A contradição entre as duas fica ainda mais evidente com a fotografia do filme: Inez nunca aparece em close, estando sempre em planos mais abertos, já que pouco fala de si, de seus sentimentos. Por outro lado, somos apresentados a Adriana em um belo close de seu rosto, já que logo no primeiro encontro  ela conta toda sua história de estudante de moda e amante de gênios da pintura e literatura, com uma sinceridade encantadora. Esse jogo de cenas nos ajuda a percerber como o protagonista se sente, já que Inez está sempre distante e Adriana, por outro lado, compartilha a visão de mundo, desejos e objetivos.


É possível até relacionar o protagonista com o próprio Allen, roteirista do filme, uma vez que o diretor parece cada vez mais avesso aos sistemas industriais de Hollywood. Enquanto na capital mundial do cinema investem-se milhões de dólares em efeitos especiais, tecnologia 3D e histórias escapistas com cunho de entretenimento, Allen nos oferece filmes “tradicionais”, com foco nos personagens e seu desenvolvimento. O diretor, assim como o protagonista, parece se espelhar nos clássicos para criar suas obras e não compartilha o desejo de mídia e estrelato dos colegas, tanto que nem compareceu ao Oscar para ganhar o prêmio de melhor roteiro original nesse ano. Chega até ser curioso que o personagem do romance de Gil, por sua vez, seja uma representação dele mesmo (um homem que trabalha em uma loja retrô e deseja voltar para o passado), estabelecendo, dessa maneira, uma relação cíclica entre Allen, Gil e o protagonista do romance.

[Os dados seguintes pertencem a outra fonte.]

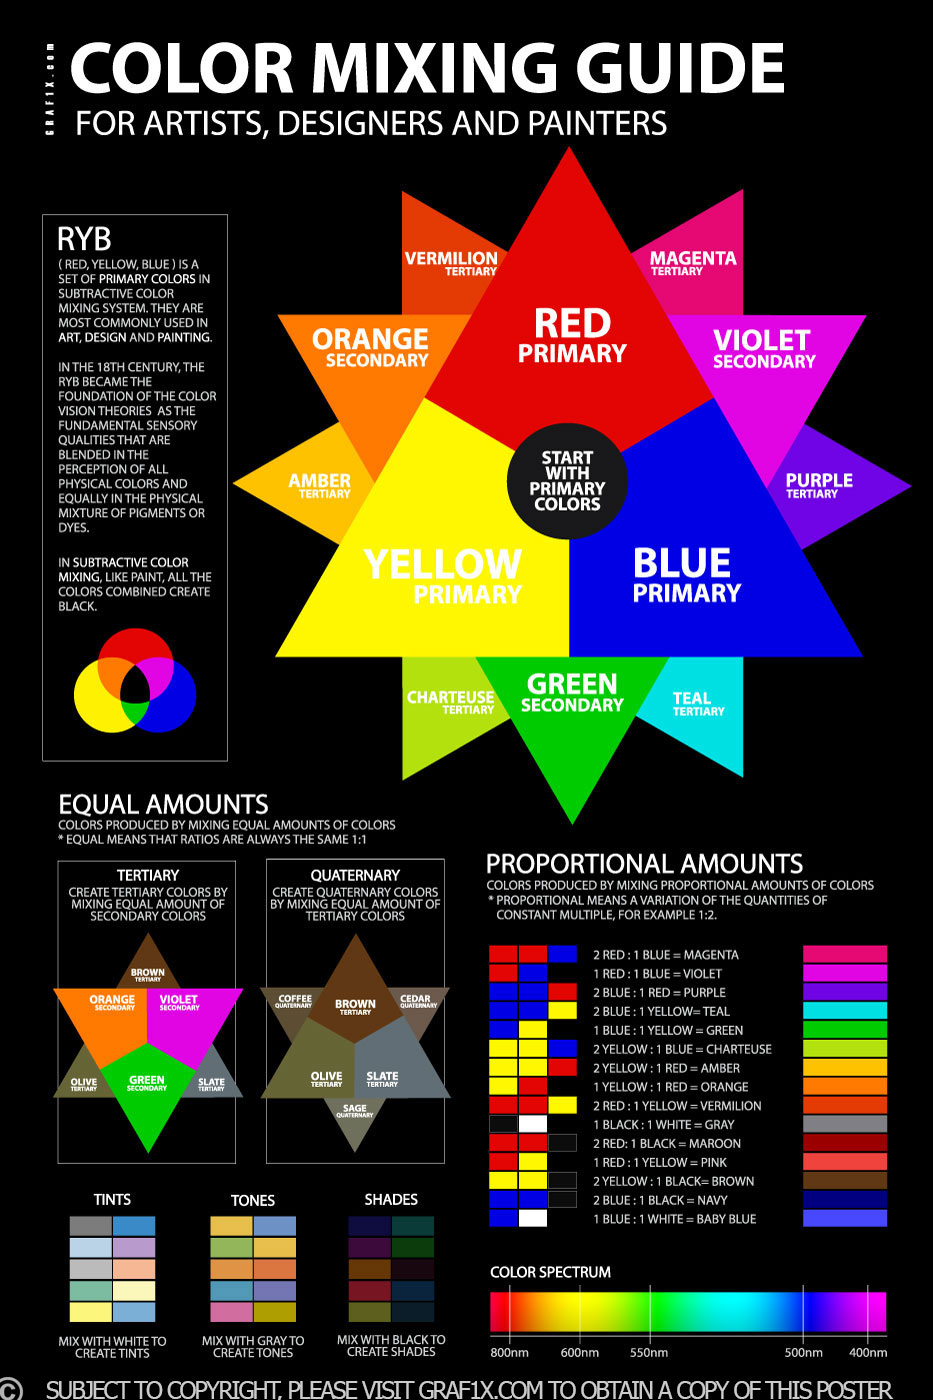 ryb color mixing chart guide poster tool formula pdf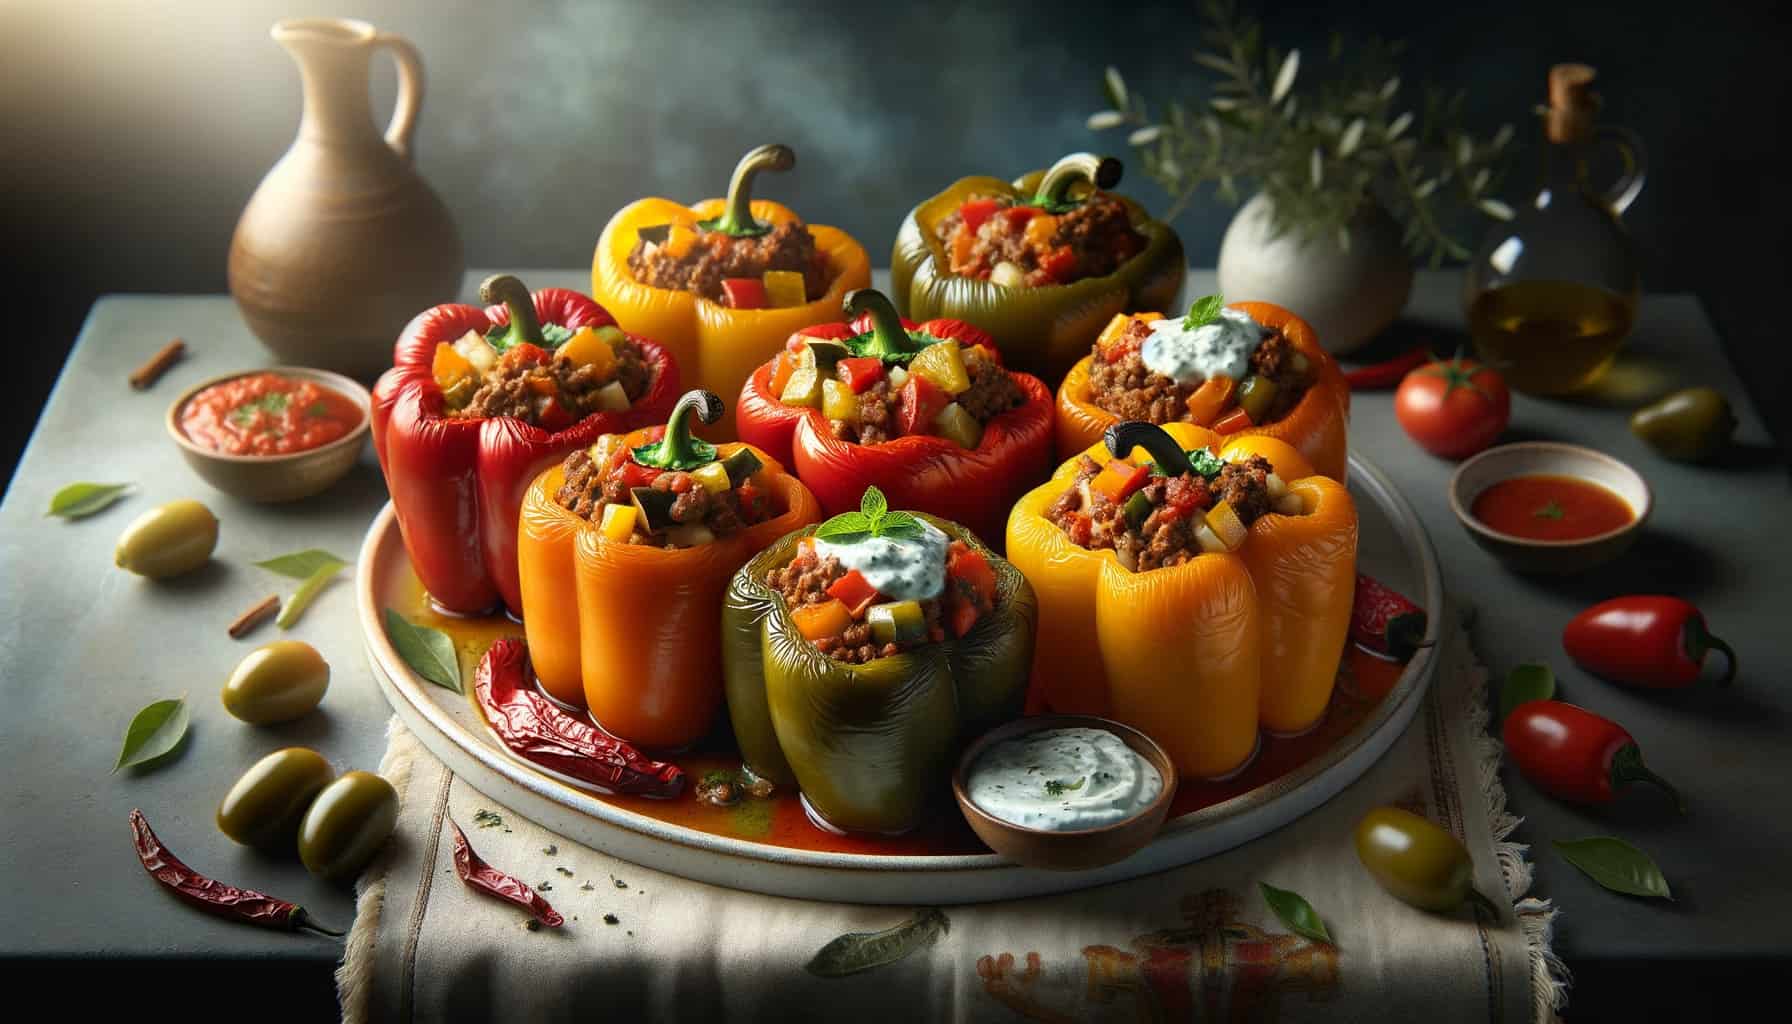 Mediterranean stuffed bell peppers arranged on a white ceramic plate. The bell peppers, with shades of orange, red, and yellow, are filled to the brim with a savory mix of ground lamb, rice, diced zucchini, and seasoned with mediterranean spices. A dollop of tzatziki sauce and a sprinkle of chopped mint leaves enhance the flavors.

Por fim, o filme não oferece explicações ou tenta ser realista, mas propõe um debate sobre essa sensação cada vez mais forte de que o passado parece sempre melhor. Com maturidade, Gil parece aceitar o que o rival Paul diz dos primeiros encontros, de que a nostalgia é uma forma de negação do presente, uma noção errada de que sempre a época passada é melhor do que aquela em que vivemos. Utilizando com maestria diversos recursos do cinema, como a fotografia, direção de arte, trilha sonora e iluminação, Allen consegue criar cenas e situações que transmitem o questionamento central do filme sem abusar de clichês ou diálogos manjados.